I am a 26 year old male and the past few years have been rough for me as far as attentiveness and focus both in my personal life and at work. My forgetfulness and lack of attention is un-explainable some times. Just last week I turned on the kitchen sink to fill it up for dishes and then left the room because I had to ask my wife a question. Five minutes later I hear water spilling and come back to a flooded kitchen floor. Plus we live in an apartment so it's not like I was that far from the kitchen, just completely forgot.
I cannot tell you how many times I have forgotten my keys or (insert random object) when leaving home. I find myself starting one task and starting a different ask even when that one isn't done. At work, I go between getting nothing really done for hours to completing huge projects in a short amount of time. If I do not write down a task someone asked me to do, I will literally forget we even had the conversation.

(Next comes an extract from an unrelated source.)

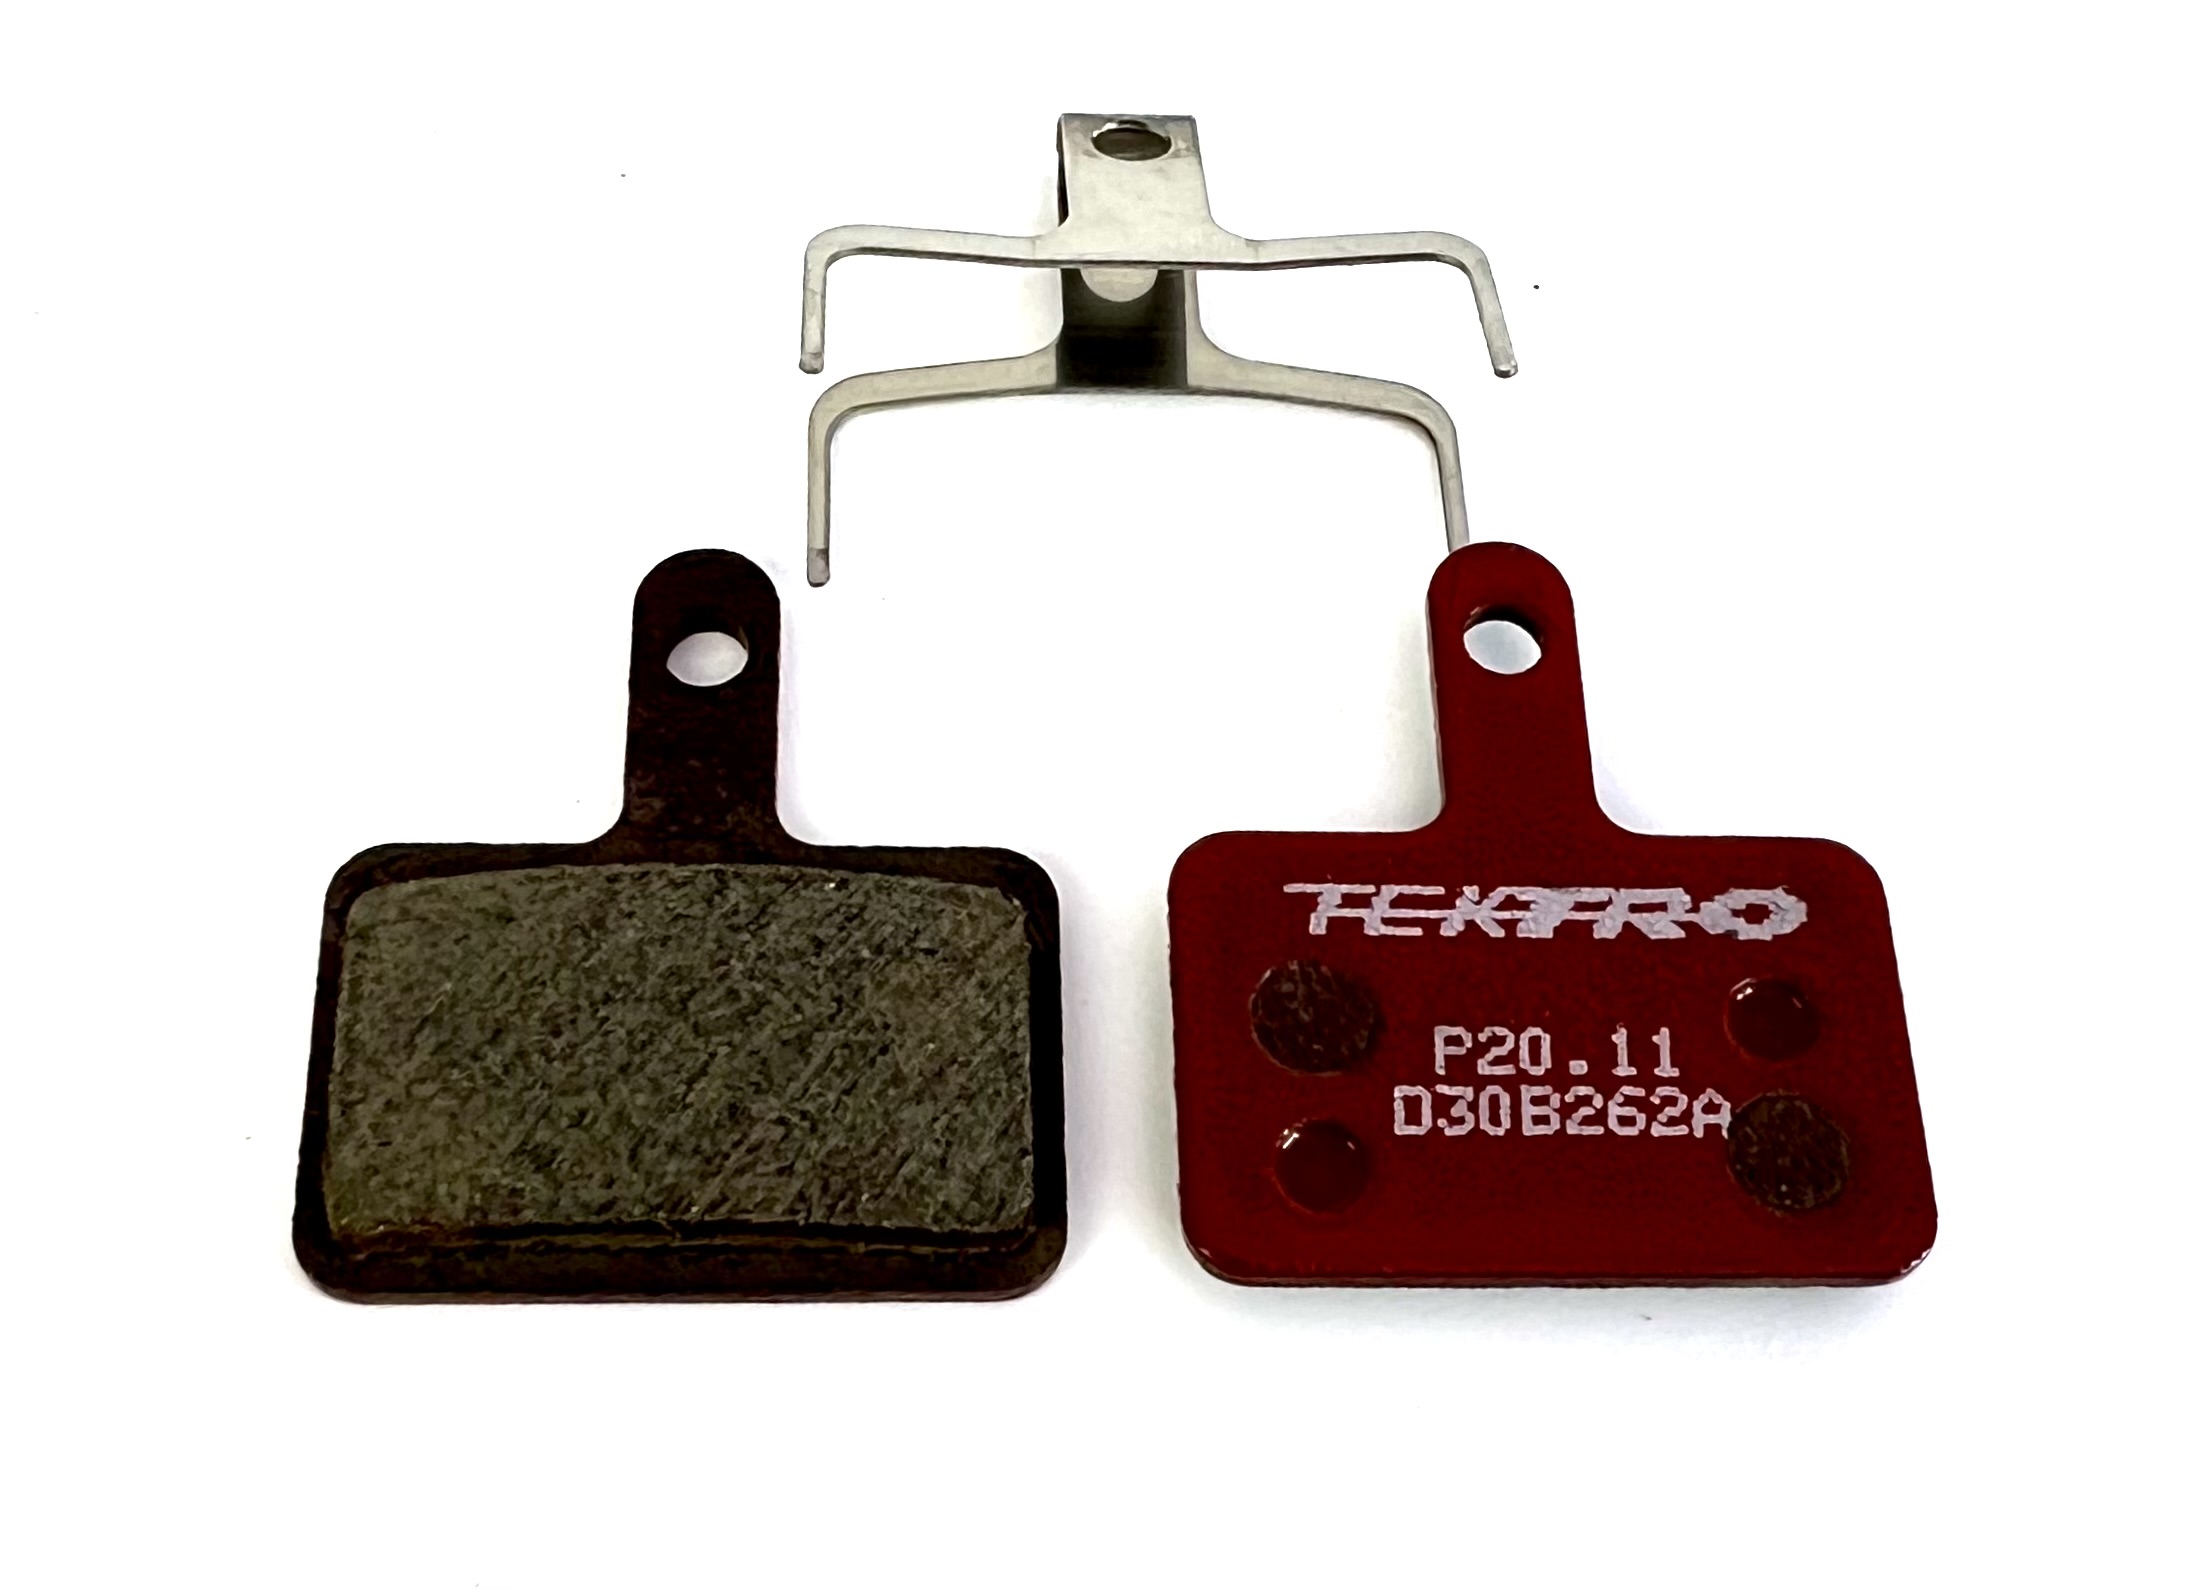 Tektro brake pads ceramic for disc brakes P.20.11 - red

It is hard to hold conversations with people and whenever I have a thought during a conversation I instantly have to say it (I don't know why). Interrupting conversations and forgetting details and requests is hurting my relationship with my wife and I want that to end.
I don't seem to have too much problem with restlessness but one or two times a week I will be sitting at home in the evening and have the uncontrollable urge to get up and go. My world seems to race by, I feel like I am talking faster and I either have to go for a walk or lay down on the floor till the feeling goes away.
I am seeing my family doctor on the 30th who has some experience with ADHD. I just want answers and don't want to go in assuming I know if I have ADHD or not. How can I best go about this and getting the help I need?
Thank you for reading and any assistance.